A company’s cereal boxes advertise that 9.65 ounces of cereal are contained in each box. In fact, the amount of cereal in a box follows an approximately normal distribution with mean μ = 9.70 ounces and standard deviation σ = 0.03 ounce. Let x-bar be the sample mean amount of cereal in 5 randomly selected boxes.Shape: Approximately normal because the population distribution is approximately normal
Center: μ x-bar = 9.70 ounces.
Variability: σ x-bar = 0.013 ounces.
(b) What is the probability that the mean amount of cereal x-bar in 5 randomly selected boxes is at most 9.65?

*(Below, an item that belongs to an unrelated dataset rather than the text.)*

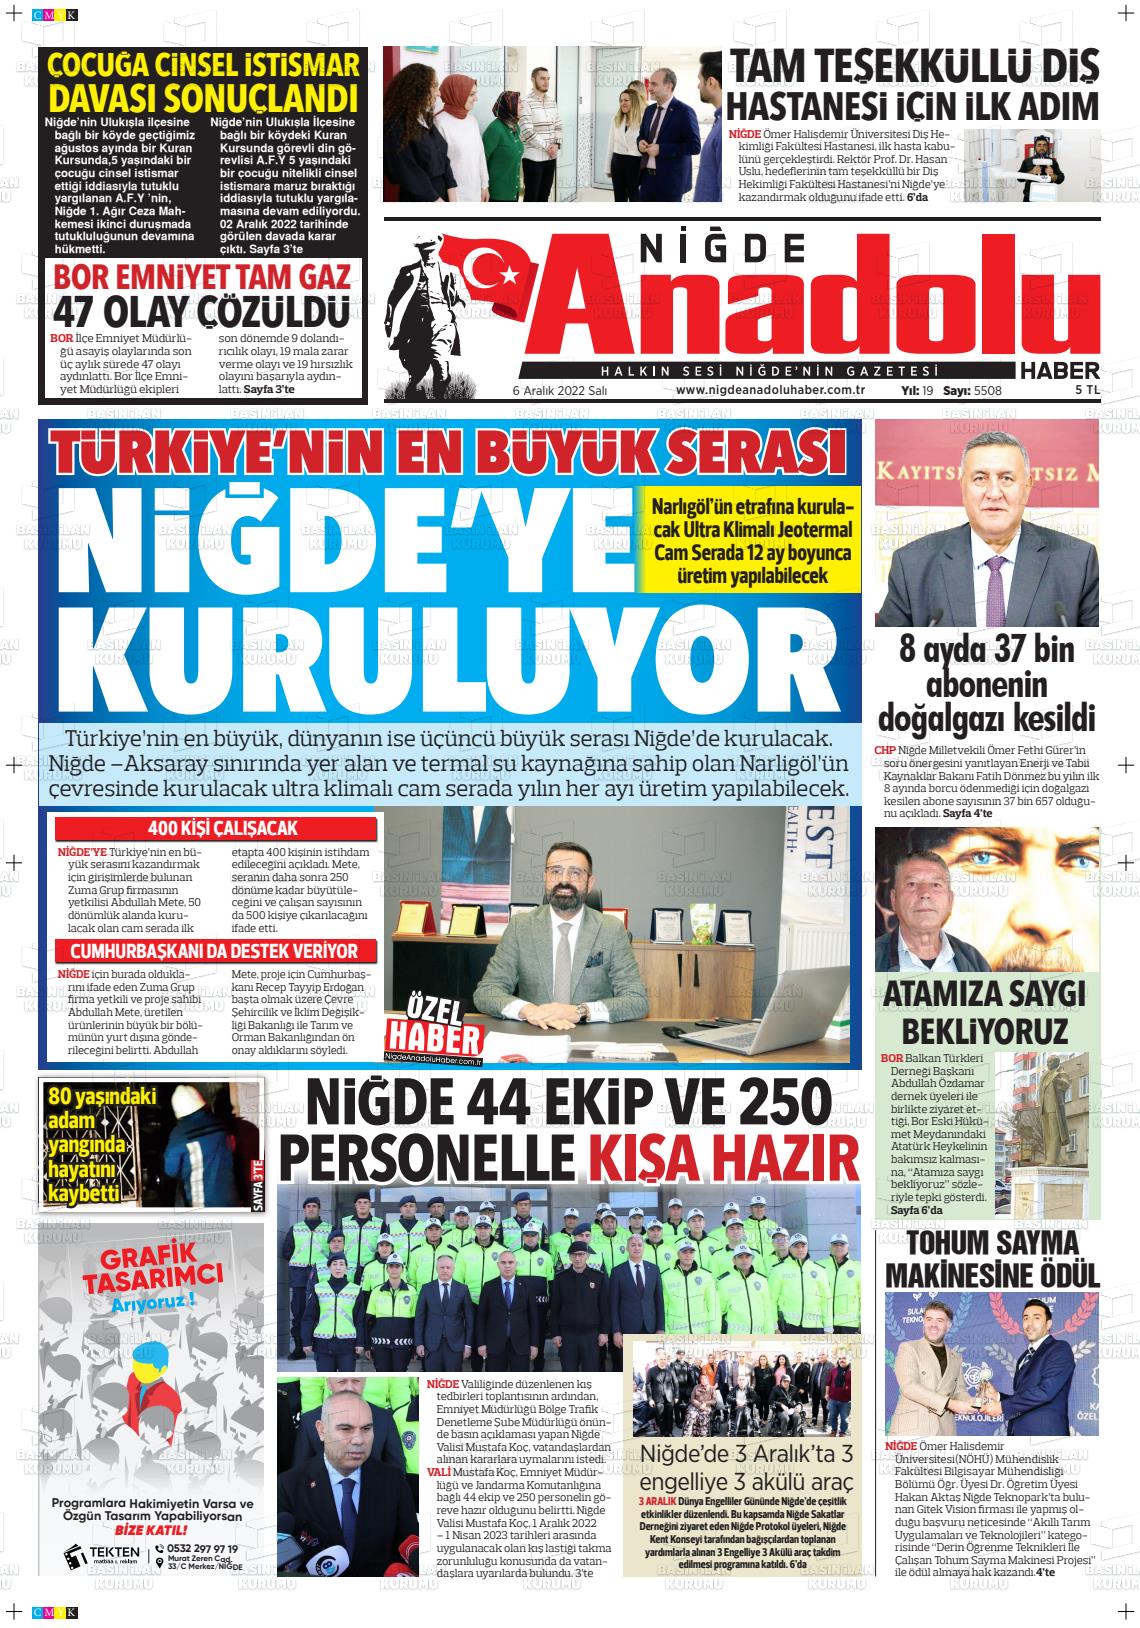 06 Aralık 2022 Niğde Anadolu Haber Gazete Manşeti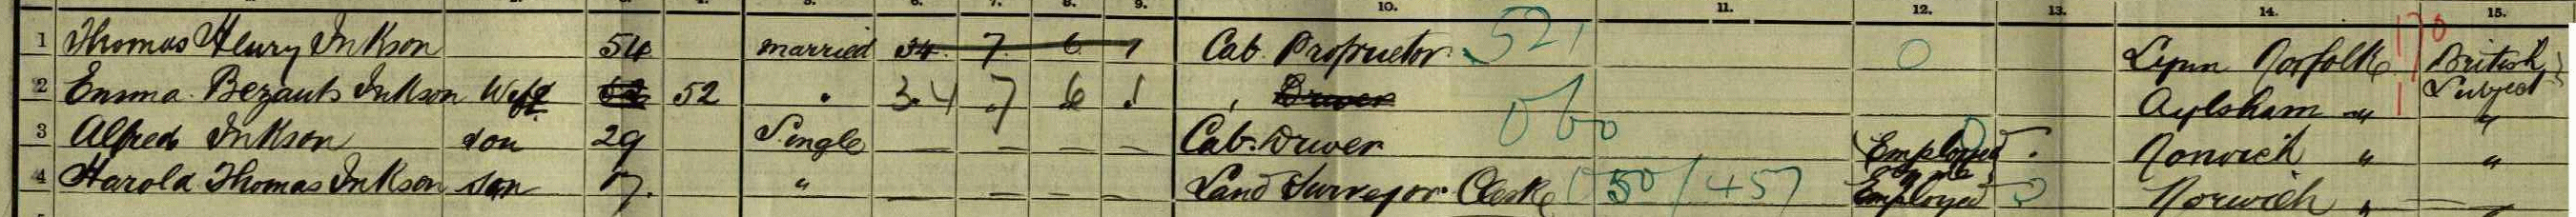 thomas henry 1911 census

Round your answer to 5 decimal places.
Theprobabilitythat themeanamount of cereal x-bar in 5 randomly selected boxes is at most 9.65 is 0.0001.How to calculate the probabilityProbabilitysimply means the chance that a particular thing or event will happen. It is the occurence of likely events. It is simply the area of mathematics that deals with the numerical estimates of the chance that an event will occur or that a particular statement is true.Mean μ=9.70Sample size=n=5standarddeviation=σ= 0.03Now in order to use thetablewe have to to figure out z value.z=(x-μ)/σz=(9.65-9.70)/0.0134z=-3.73From theprobabilityindex tables, so P(z≤-3.73)=0.0001Learn more aboutprobabilityonbrainly.com/question/14859497#SPJ1...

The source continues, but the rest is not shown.